Absolutely fascinating. I'm still getting my head around the intricacies of why certain things are the way they are in JS (I'm self-taught with no academic background in compsci or anything like that), so thanks for helping.
Following that logic, I checked out the behaviour of Array, and that follows the same rules:
% Object.getPrototypeOf([])
[]
Using Object.getOwnPropertyNames shows what I was originally expecting RegExp.prototype to return (albeit as an array of strings rather than an object), but after reading all of the above, it's clear to me why it doesn't behave as I was expecting it to:
% Object.getOwnPropertyNames(RegExp.prototype)
["toString", "multiline", "exec", "constructor", "source", "ignoreCase", "compile", "global", "test", "lastIndex"]
I guess my main intrigue for all of this originally came from how JS's global objects appear "at source" (if that's the correct term?). For example, if I were to write out the Array object, I'd write something like the following (in its most basic form, anyway):
function Array() {} // The constructor (allowing for `new Array()` usage (IMO, not in-keeping with the rest of JS)).

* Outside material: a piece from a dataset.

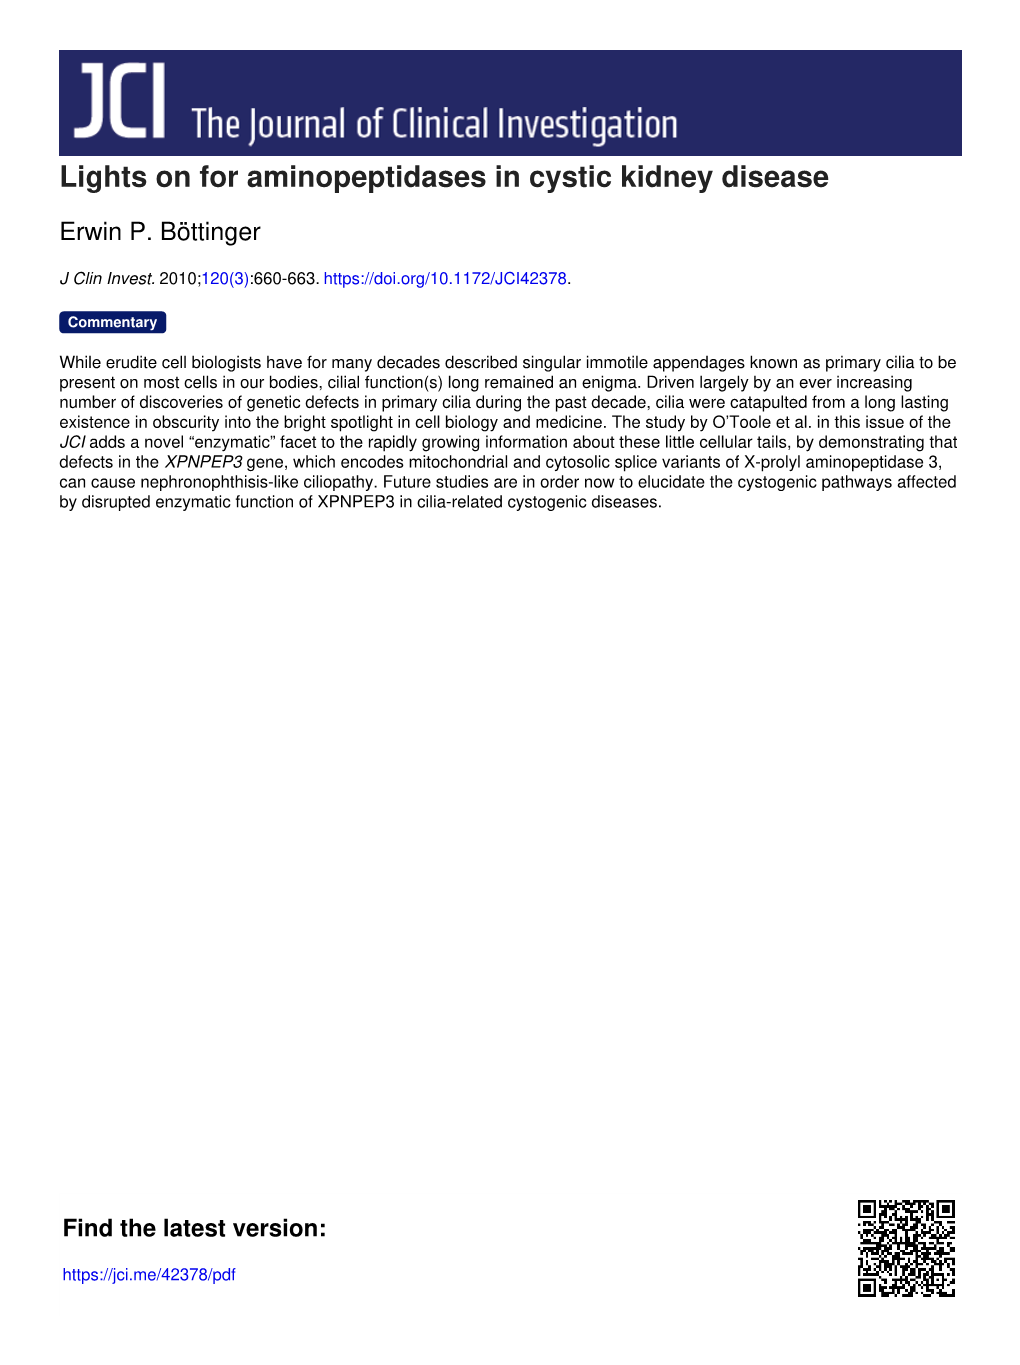 Lights on for Aminopeptidases in Cystic Kidney Disease

Array.isArray = function() {}; // A "class" method.
Array.prototype.push = function() {}; // A prototype method.
I've left out arguments, the vast majority of the methods/properties, any inherited methods/properties, and haven't defined things as writable, enumerable, or configurable, but in my head that's how an Array would look. Is that a good way of thinking about it, or am I on completely the wrong track? I'm aware that global objects probably aren't presented like that (V8, at least, compiles to machine code before executing JS, so global objects might not even be described in Javascript), but behaviour-wise..?
Thanks, and I hope this isn't too simplistic!